• Ambulance service

Hatzola Trust

Overall: Good read more about inspection ratings

Rookwood Road, London, N16 6SD

Provided and run by:
Hatzola Trust

All Inspections

25 May 2022

During a routine inspection

Our rating of this service improved. We rated it as good because:

  • The service had enough staff to care for patients and keep them safe. Staff had training in key skills, understood how to protect patients from abuse, and managed safety well. The service controlled infection risk well. Staff assessed risks to patients, acted on them and kept good care records. The service managed safety incidents well and learned lessons from them. Staff collected safety information and used it to improve the service.

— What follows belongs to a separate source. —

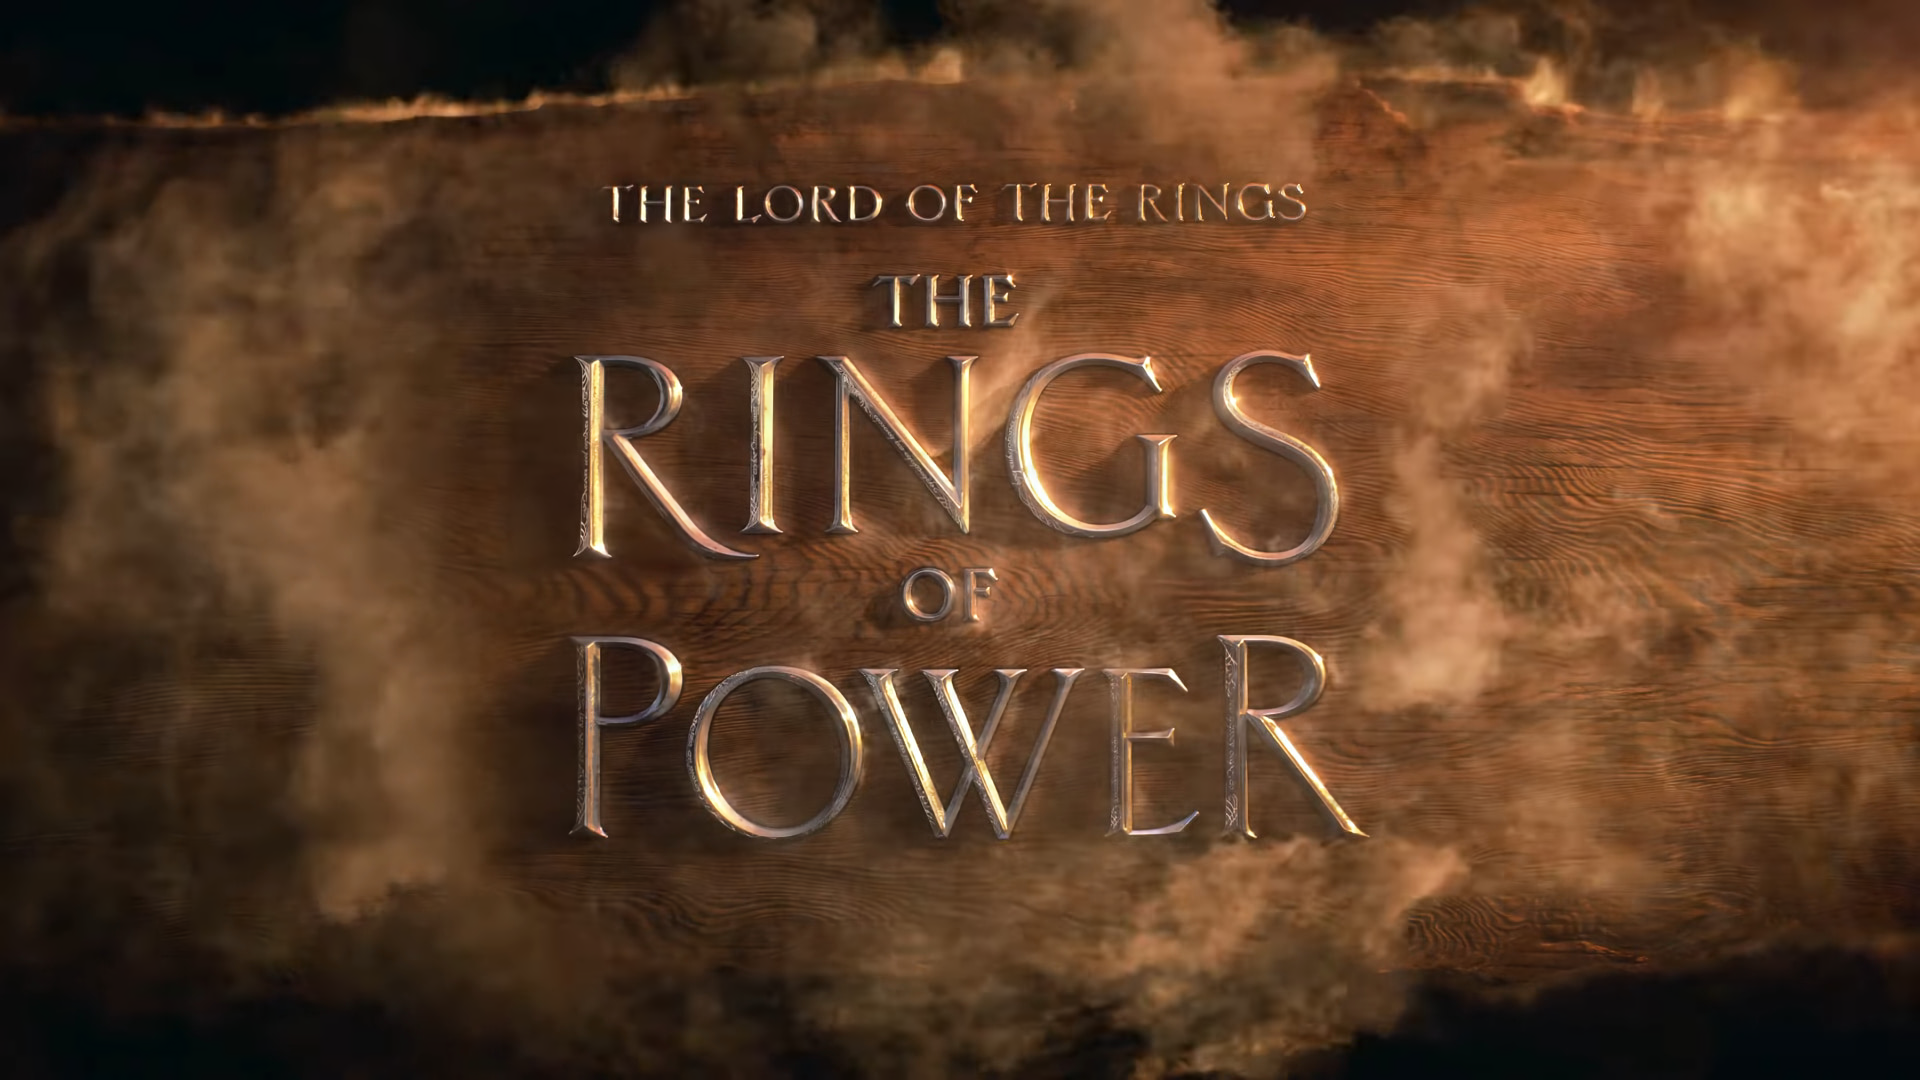 TV Show The Lord of the Rings: The Rings of Power HD Wallpaper | Background Image
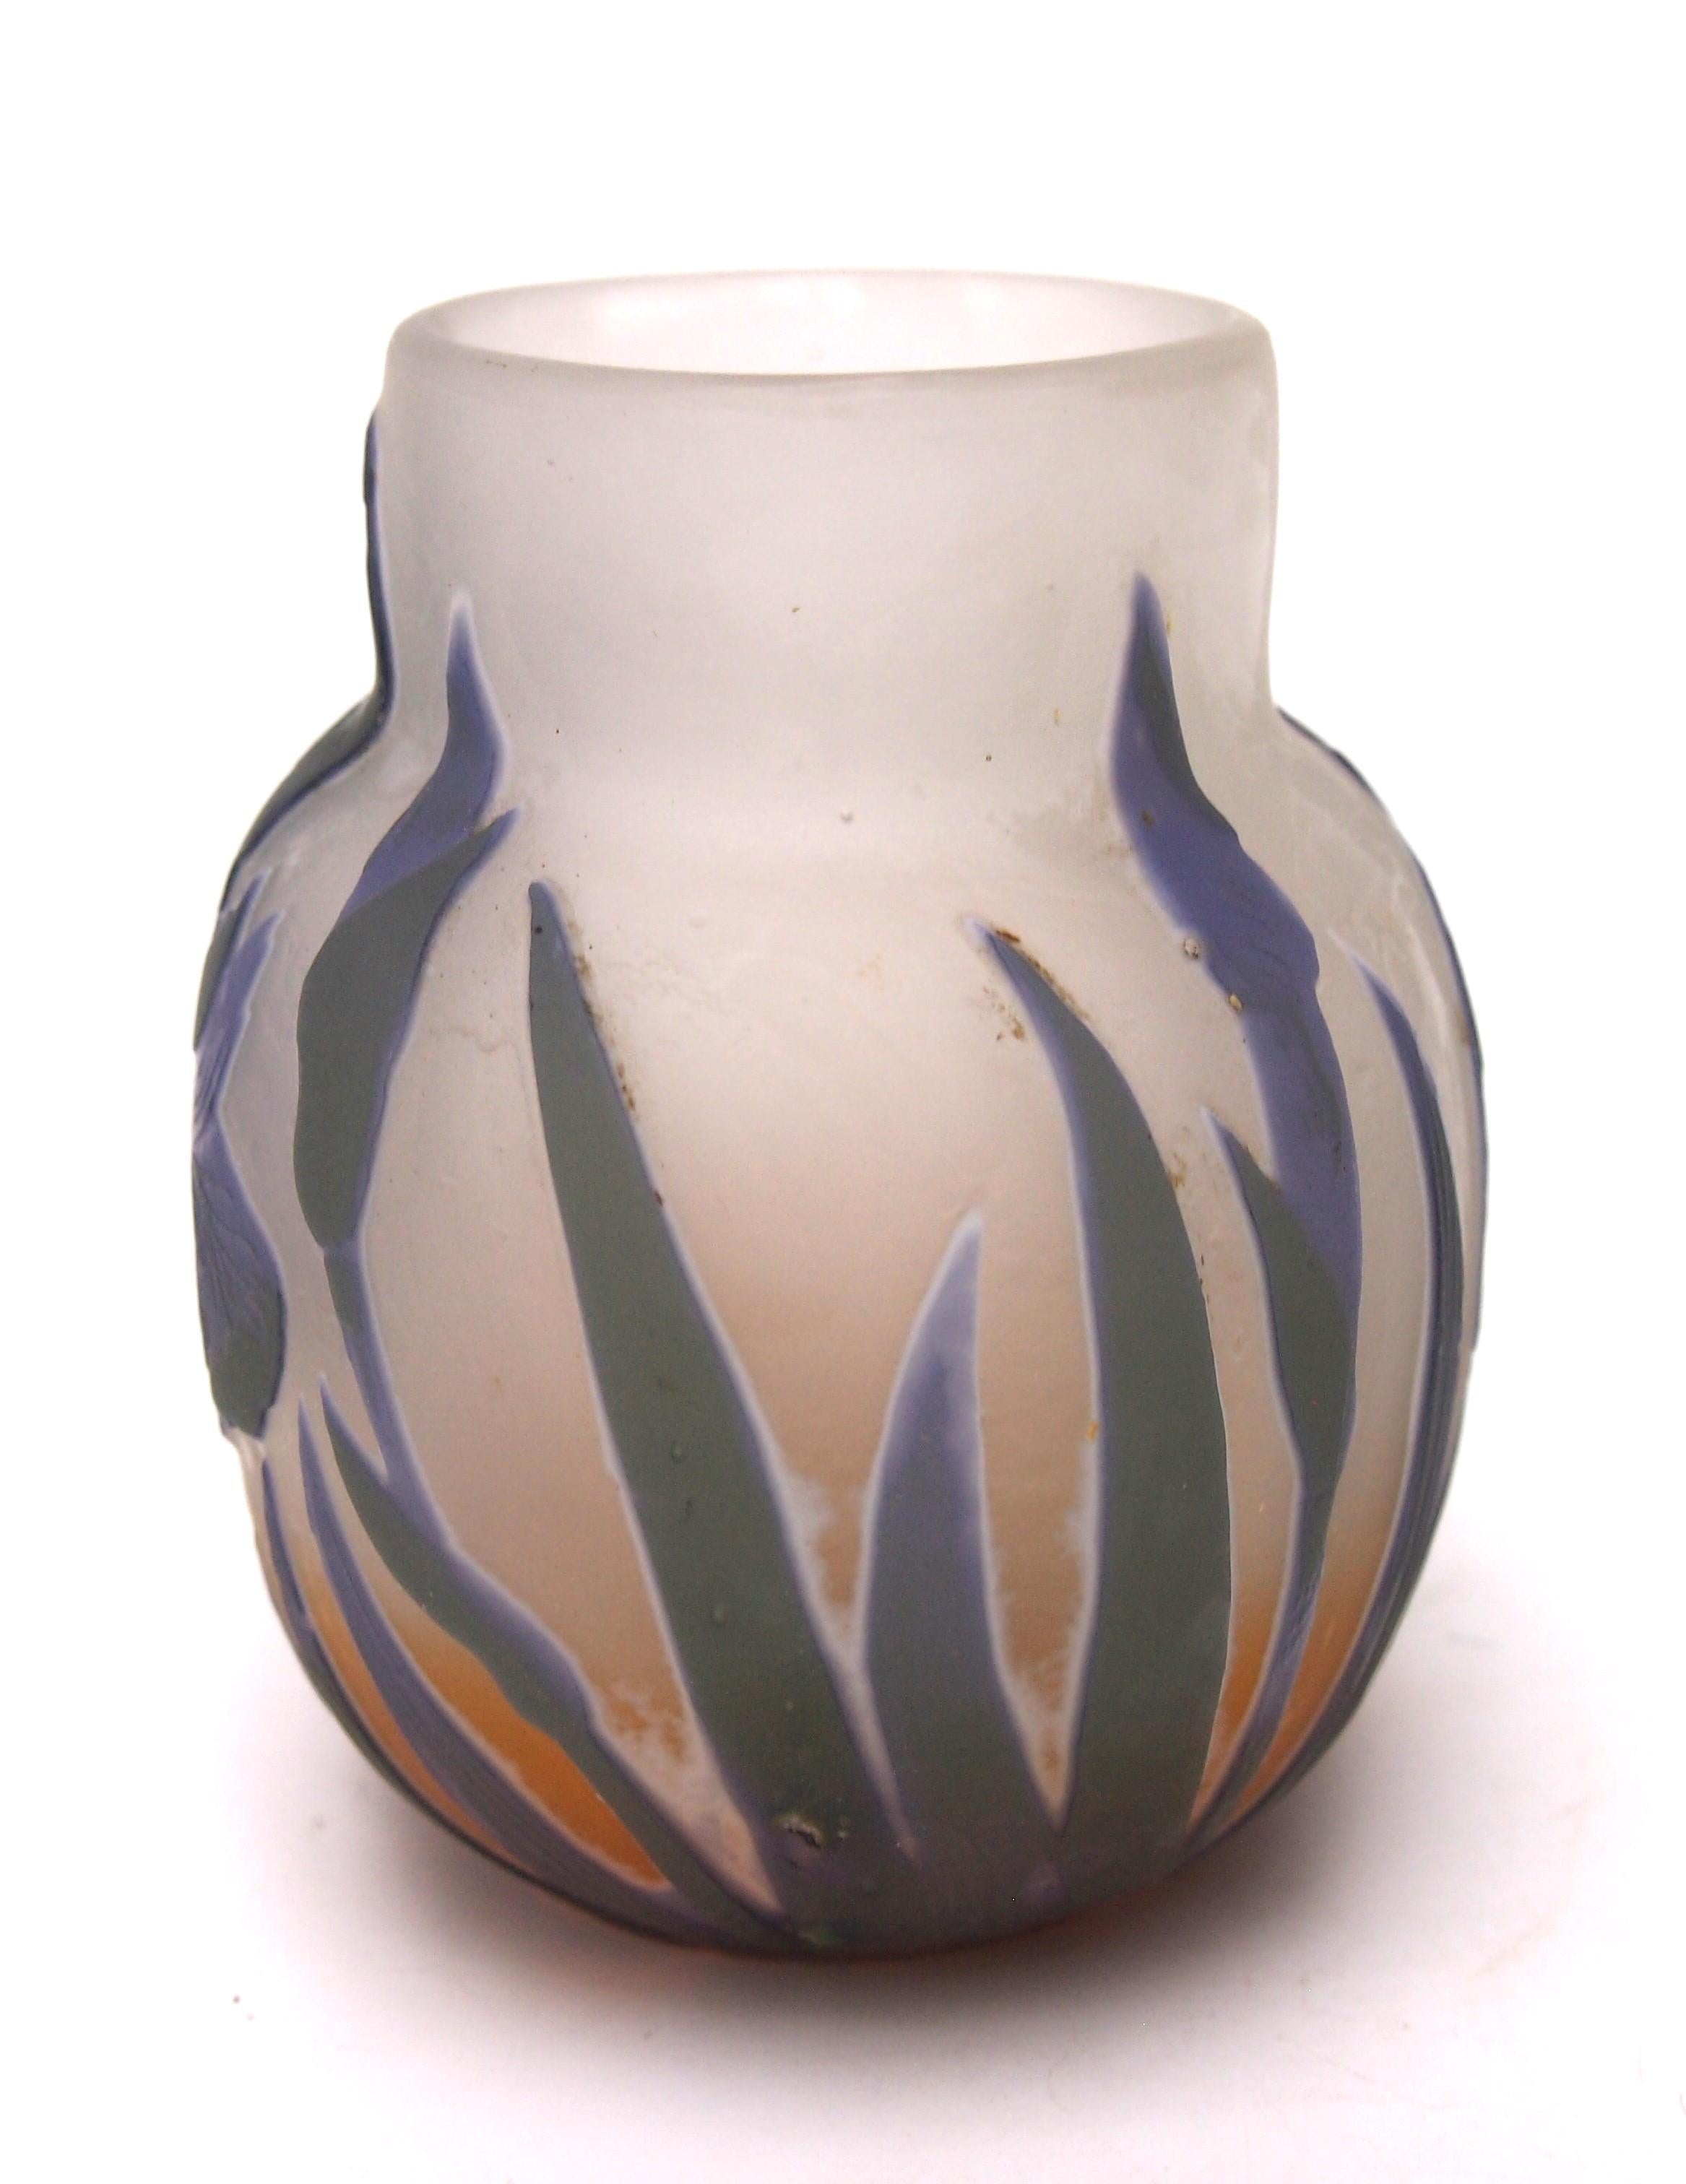 Rare four colour Emile Galle cameo vase in green, purple and opaque white over bright orange depicting striking blooming Irises and leaves. This is a pattern designed c1908 and this example dates to c1908 (Signed Provost Mark III -see signature

The service had improved awareness of safeguarding concerns in relation to child accidents since the last inspection, and had improved processes to identify addresses which may require police assistance or addresses the service received frequent calls from.
  • Staff provided good care and treatment, and gave patients pain relief when they needed it. Managers monitored the effectiveness of the service and made sure staff were competent. Staff worked well together for the benefit of patients, advised them on how to lead healthier lives, supported them to make decisions about their care, and had access to good information. The service had improved access to guidelines for responders, who now had the Joint Royal Colleges Ambulance Liaison Committee (JRCALC) guidelines on their tablet devices. The service had also improved its monitoring of the number of calls where callers were advised to call 999.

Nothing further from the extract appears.